Students on the whole are really enthusiastic about using FontStruct. There is a real sense of achievement gained by using the program and a boost to their self confidence, especially when feedback is positive from the FontStruct community. There is often real surprise from some of them upon completion of the initial 6 week project – the fact that they have all created a new working typeface from scratch in such a short time and that other designers around the world are genuinely interested in and enthusiastic about their work.
What do you think are the advantages of using FontStruct in teaching typography and graphic design?
The simplicity of using the program is a definite plus. Students can quickly get a grasp of using FontStruct, which also effectively teaches them about the building blocks of typography and the elements of type design. Learning about the subject from books and admiring the work of others only goes so far in engaging students in what some still consider to be quite an esoteric strand of graphic design (type design). FontStruct really does help students take that initial step and rewards their ambition (for display types at least) in a way that some of the more industry standard type building programs can’t.

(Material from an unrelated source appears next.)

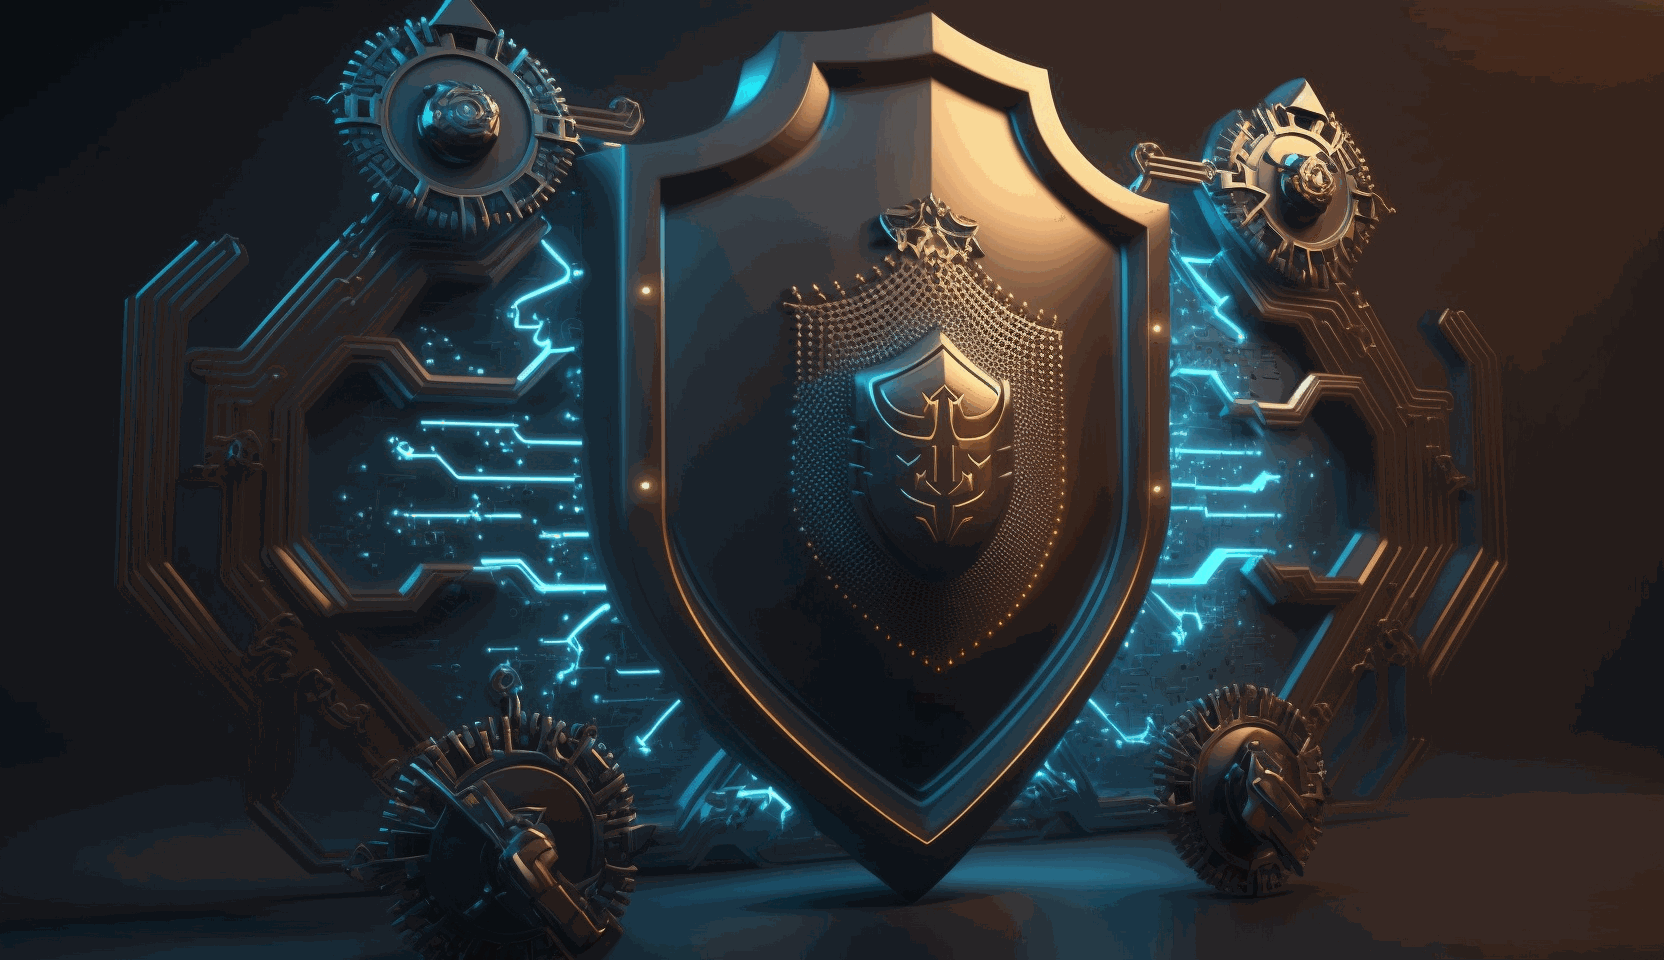 A 3D animated image of a shield protecting a group of connected IoT devices, symbolizing the importance of cybersecurity for IoT networks.

▲“Viiberz” by Hanna Tucker (click images to enlarge)
Is there any particular feature, absent from FontStruct, which you think might be useful for users in education?
Oh yes, if we could have some OpenType features. For instance where a number of different options could be design for each character and have some form of randomising code for output. Also some in-application kerning would be useful.
▲“Font Sgt” by John Hirst (click images to enlarge)
Thanks to all students and the course team on the “Communicating with Words” module at The University of the West of England, Bristol, UK for taking the time to give us this interview and for sharing your wonderful work on FontStruct.